Transfer of Development Rights, or “TDR” mechanisms, are not new to the Seaport. Indeed, the area has had a TDR mechanism in place since 1972, the pioneering example of a transfer framework allowing for the redistribution of floor area within a neighborhood in pursuit of preservation and local land-use objectives. HHC’s proposal will build on that legacy. 

The transfer of development rights to the site is well-grounded in longstanding City policy but has been criticized by a small number of opponents who argue that the proposed benefits could be realized by transferring unused Seaport development rights (now only usable within the Seaport Subdistrict) to other, distant sites in Lower Manhattan, an odd and gimmicky suggestion since there is no geographic or planning “nexus” between outlying sites beyond the Seaport Subdistrict that would receive the rights and the sites from which the transfer would be made. 

TDR is not a device to satisfy NIMBY objectives by sending floor area from one neighborhood to another. To the contrary, it is rooted in neighborhood planning focused on how the redeployment of floor area can serve the neighborhood in which the unused development rights are located. This is why, for instance, Broadway theater development rights can only be transferred to locations within the Theater Subdistrict, and why transfers from landmark buildings in East Midtown can only go to sites within the East Midtown Subdistrict. In each case, transfers are meant to advance land-use planning goals within the vicinity of the sites from which transfers are made. There is simply no planning rationale for sending development rights to far-flung corners of Lower Manhattan outside the Seaport District.

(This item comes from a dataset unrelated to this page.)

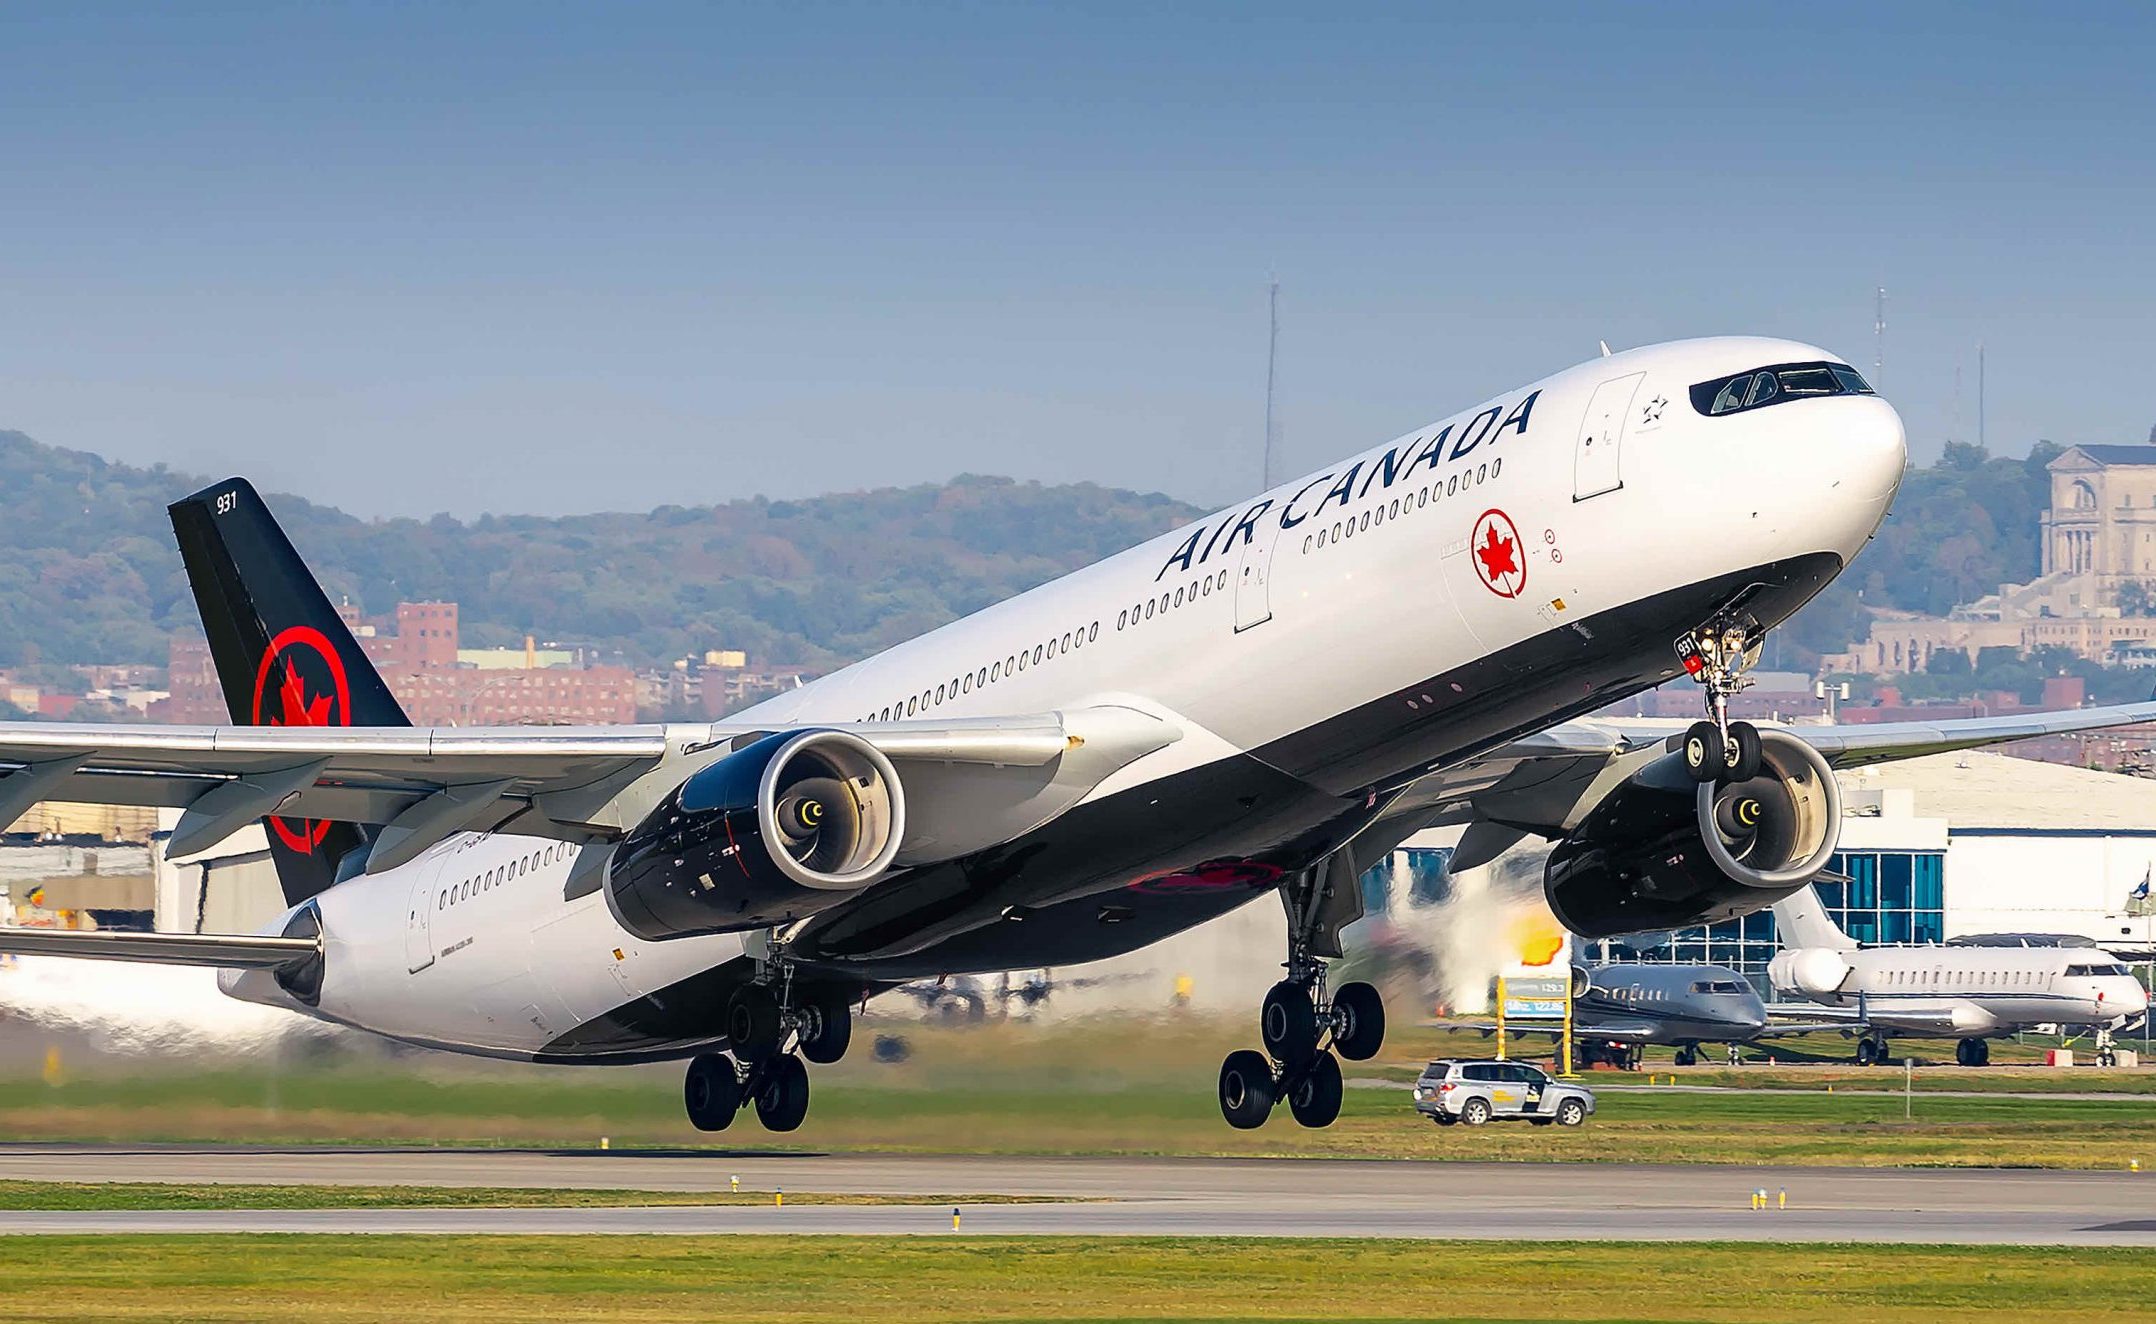 Strong cargo revenue for Air Canada in Q2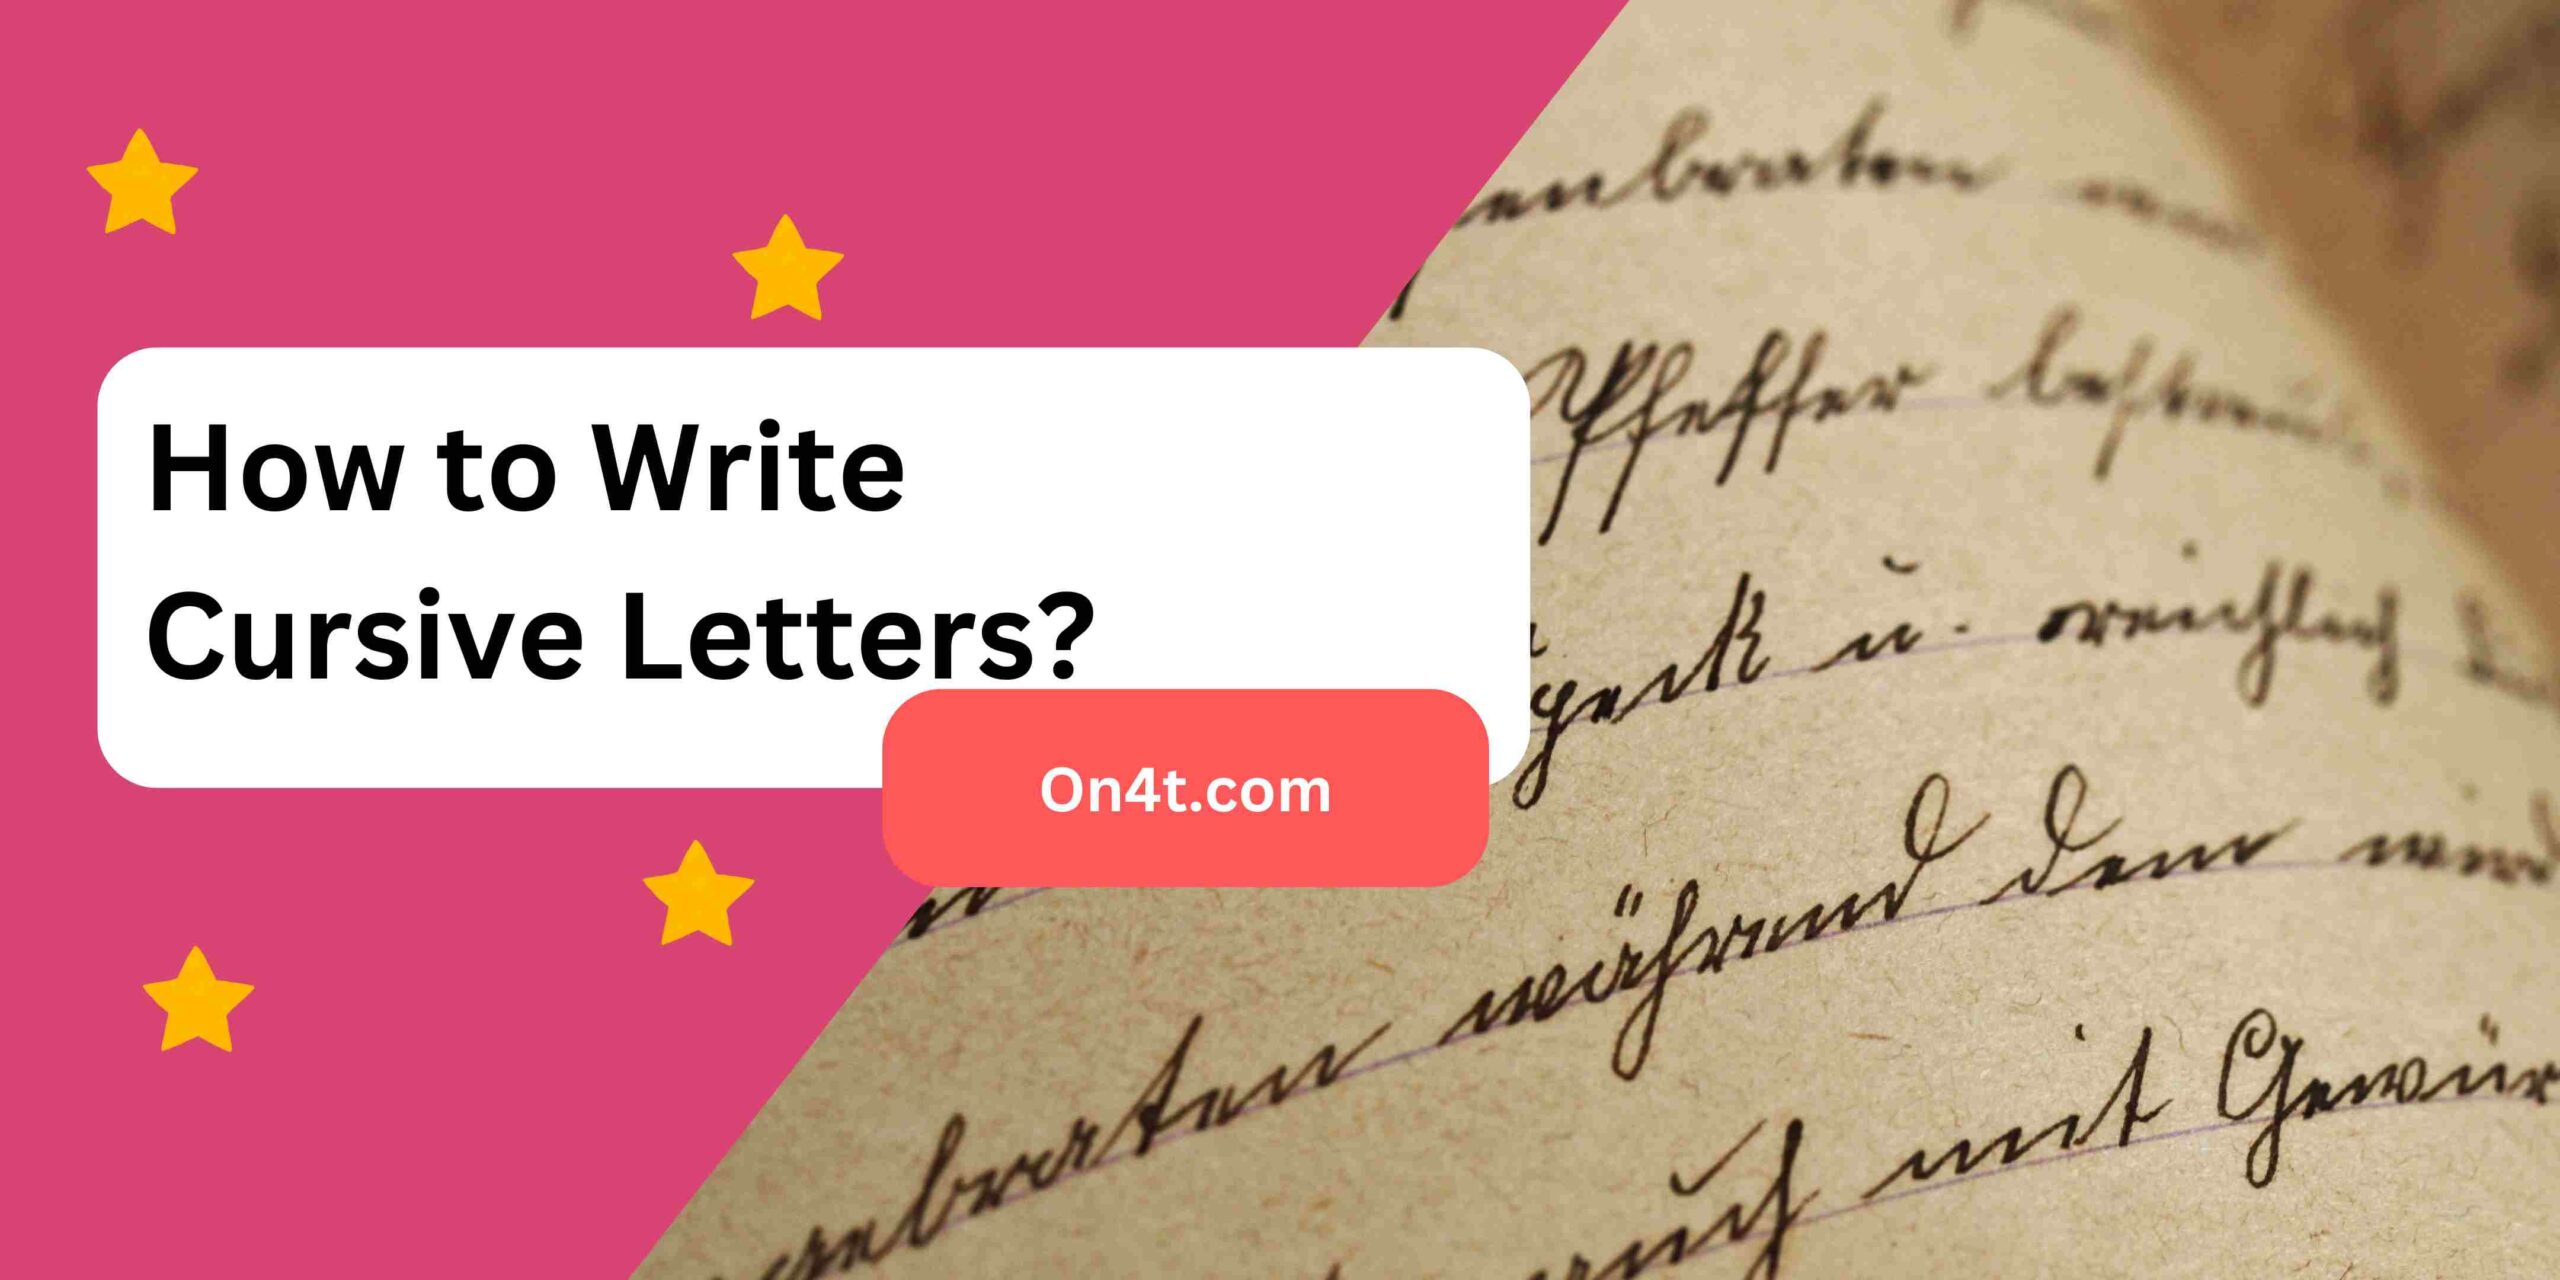 How to Write Cursive Letters

Moreover, even if the opponents’ approach could satisfy planning and legal concerns, their plan has two fatal flaws: it wouldn’t provide affordable housing in the Seaport and it couldn’t provide meaningful support to the museum. 

Lower Manhattan outside the Seaport District is already zoned for high density and existing zoning regulations include mechanisms that allow owners and developers to earn bonus floor area. The need for additional floor area is limited, and the ability of any site to incorporate a significant amount of unused floor area from waterfront sites in the Seaport Subdistrict is highly questionable. Opponents have identified 72 Nassau Street as a potential receiving site for unused Seaport rights, but that site can already achieve 18 FAR under current regulations and has little or no capacity to utilize more.   

Rather than demonstrating the viability of transfers to outlying sites, the 72 Nassau example illustrates that the proposal would result in little more than a sprinkling of Seaport development rights to multiple locations over the course of many years, if not decades, depending on real estate market fluctuations and degree of interest among property owners. This would fail to produce the significant and steady funding needed by the museum to stabilize its operations, reopen, and plan for future expansion. Instead, it would result in, at best, a slow, small, and unpredictable dribble of income that would be wholly insufficient to ensure its survival.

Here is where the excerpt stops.